4. Dark eyes, dark mouth - a dramatic look that’s really only suitable for evenings and parties.

 

Make-up artist Shu Uemura: ‘Approach make-up the way you do food. Always stop when you’re 80 per cent full.’

 

Cold Comfort Make-up

Coming down with a cold can zap good looks fast. (As can allergies such as asthma and hay fever.) Make-up pro Laura Geller, used to making up snuffly supermodels, says you can disguise the problem.

1. Begin with non-medicated eye drops, to help soothe itchy eyes.

2. Apply a fragrance-free moisturiser to chapped, dry zones.

3. Use an eye gel to get rid of puffiness.

4. Skip foundation if skin is super-dry and flaky. But dot concealer under the eyes if you need it, and over the lids, to camouflage redness and irritation.
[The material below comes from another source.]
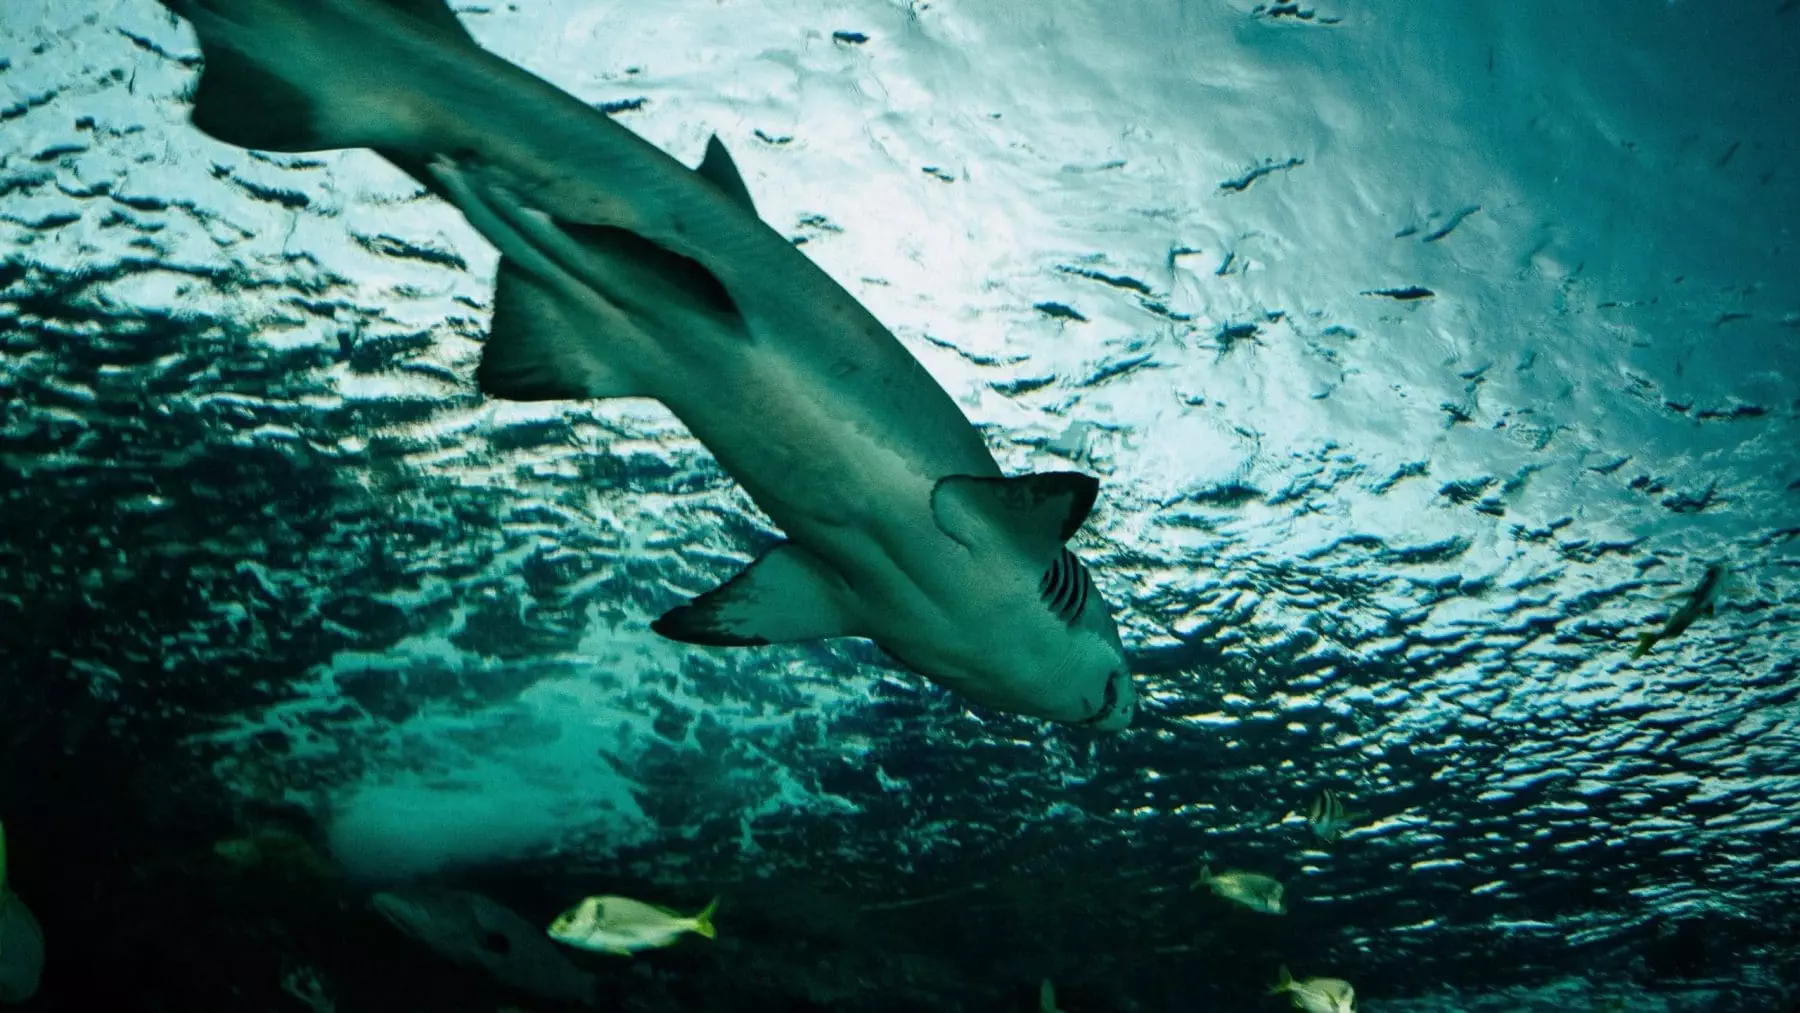 Shark swimmig

Dab a bit on both sides of your nose, to cover up any redness.

5. Apply mascara but skip eye make-up. (You don’t want to emphasise itchy, watery eyes.)

6. Dust translucent powder or bronzer all over your face with a big, fluffy brush. A touch of glimmer or a light-reflecting powder will liven up pale skin.

7. Sweep a rose or coral blush on the ‘apples’ of your cheeks.

8. Slick on medicated lip balm and a bright lipstick, to perk up your face. But avoid brown and wine hues, which can make you look washed out.

You may not feel better after this. But at least you’ll look it.

 

DEPARTMENT STORE MAKEOVERS - HELL OR HEAVEN?

If you can’t afford a consultation with a private make-up artist, a department store makeover is a fast (and free) way to find out how your look could be updated. First, look around a department store until you see a consultant whose look you like; unless you like dragon-green eyeshadow and laminated red lips, head for a counter where the staff look fairly natural. Then, advises Bobbi Brown (who’s done literally thousands of makeovers): ‘make an appointment and go to it wearing your everyday make-up so that the artist understands your style. And say exactly what you want - whether you’re adapting a look from a magazine or just want to add drama to your everyday make-up.’ Offer feedback: say if you like a colour, or you’d like your lips brought out more. If you’re still not thrilled with the results, don’t suffer in silence. ‘It’s often a matter of fine-tuning,’ believes Bobbi. ‘Try blotting your lips, rubbing in the blush and blending the eyeshadow. Talk to the artist and tell her what you’d like redone.’ Never walk away until you feel comfortable.

 

Blusher Tips From the Pros

‘Invest in a proper blusher brush,’ advises Bobbi Brown. ‘The teeny ones you find in compacts just aren’t up to the job, and will give visible brush strokes.’

Don’t use blusher to give yourself instant cheekbones. The most flattering way to apply it is on the ‘apples’ of the cheeks. Locate yours by drawing an imaginary line down from your pupil to the centre of your cheek. Then lightly stroke outwards, towards the top of the ear, covering the entire cheekbone area in soft, sweeping strokes.

Kevyn Aucoin sometimes applies blusher to the cleavage and along the hairline, too. ‘It adds warmth to powder and foundation, making the whole look more realistic and healthy-looking.’

Carol Shaw advises applying blush when you’re smiling: ‘Add a little blush in that ball of your cheek and bring it back a little towards the bone.’

‘You want to look like the noon sun has hit you on - not under - your cheekbones,’ believes Mary Greenwell.

Like many make-up artists, Maggie Hunt likes to ‘double-blush’, first applying one layer of blush, then powder, then blushing again: ‘It helps the colour stay put.’

Shu Uemura’s resident make-up artist Andrea says that in summer, older women should avoid powder blusher: ‘It can look dusty. Instead, try rubbing some lipstick into your cheeks, which gives a much more natural result.’

Says Kevyn Aucoin: ‘Over-blushing can always be corrected by blending in a little powder.’